This year, CMS is starting audits for 2014 and 2015, 30 per year, targeting about 5% of the 600 plans annually.
This spring, CMS announced it would extend until the end of August the audit proposal's public comment period, which was supposed to end in April. That could be a signal the agency might be looking more closely at industry objections.
Health care industry consultant Jessica Smith says CMS might be taking additional time to make sure the audit protocol can pass muster.
"Once they have their ducks in a row," she says, "CMS will come back hard at the health plans. There is so much money tied to this."
But Sean Creighton, a former senior CMS official who now advises the industry for health care consultant Avalere Health, says payment error rates have been dropping because many health plans "are trying as hard as they can to become compliant."
Still, audits are continuing to find mistakes.
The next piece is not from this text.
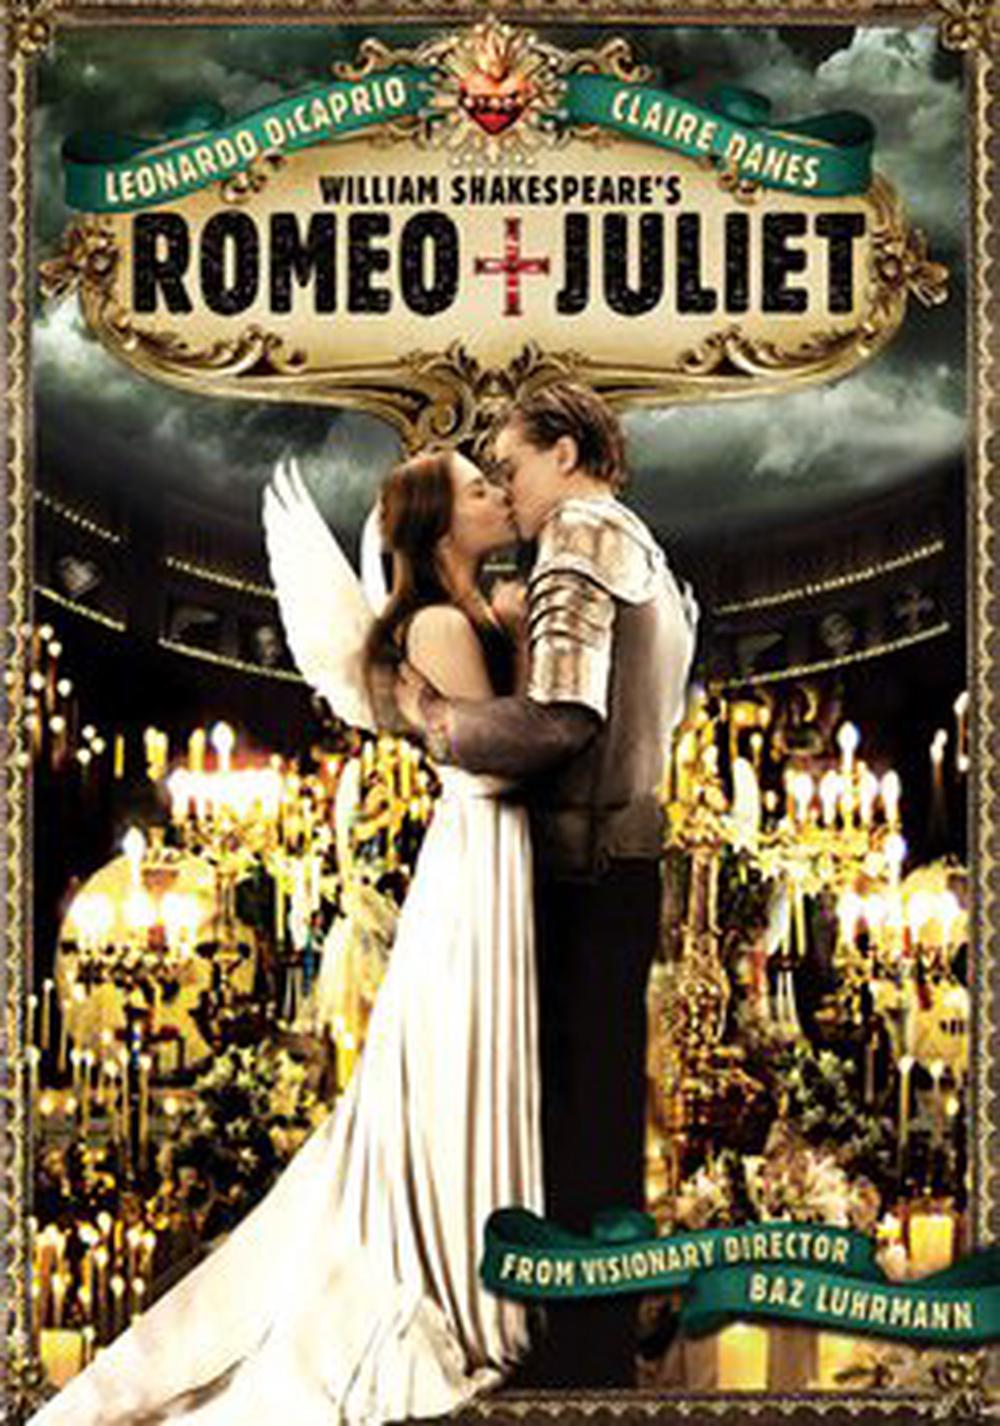 Romeo and Juliet Music Edition DVD Region 1 Free Shipping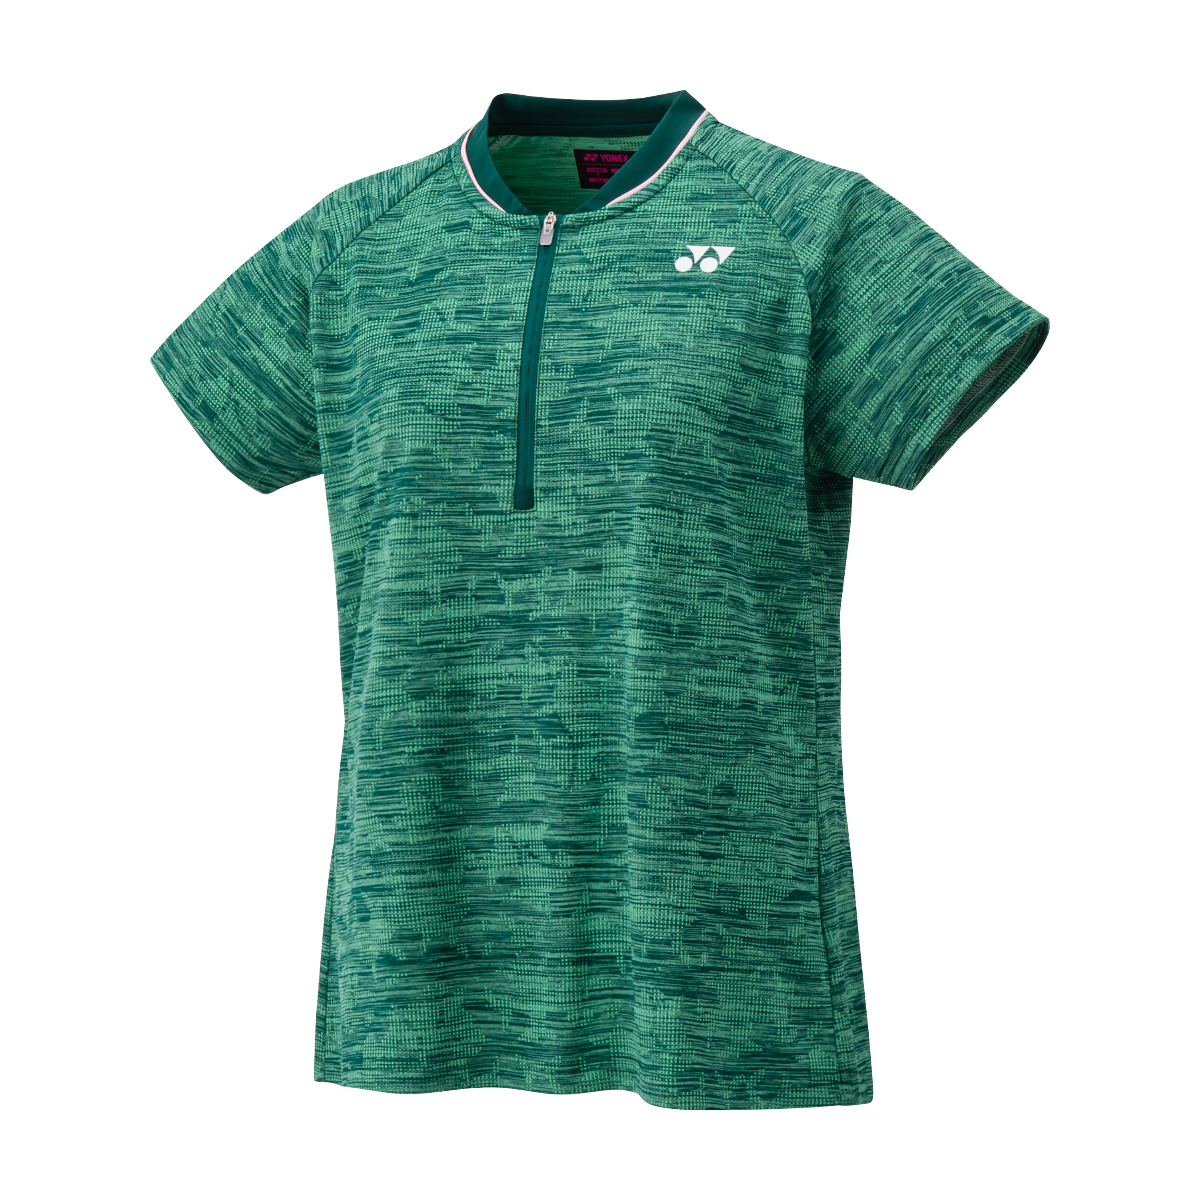 LADIES POLO 20652 "FRENCH OPEN" Teal Green

The first HHS inspector general audit, released in late April, found that Missouri-based Essence Healthcare Inc. had failed to justify fees for dozens of patients it had treated for strokes or depression. Essence denied any wrongdoing but agreed it should refund $158,904 in overcharges for those patients and ferret out any other errors.
Essence also faces a pending whistleblower suit filed by Charles Rasmussen, a Branson, Mo., doctor who alleges the health plan illegally boosted profits by overstating the severity of patients' medical conditions. Essence has called the allegations "wholly without merit" and "baseless."
Essence started as a St. Louis physician group, then grew into a broader holding company in 2007, backed by prominent Silicon Valley venture capitalist John Doerr, with his brother Thomas Doerr, a St. Louis doctor and software designer. Neither would comment for this story.
How we got here
CMS uses a billing formula called a "risk score" to pay for each Medicare Advantage member. The formula pays higher rates for sicker patients than for people in good health.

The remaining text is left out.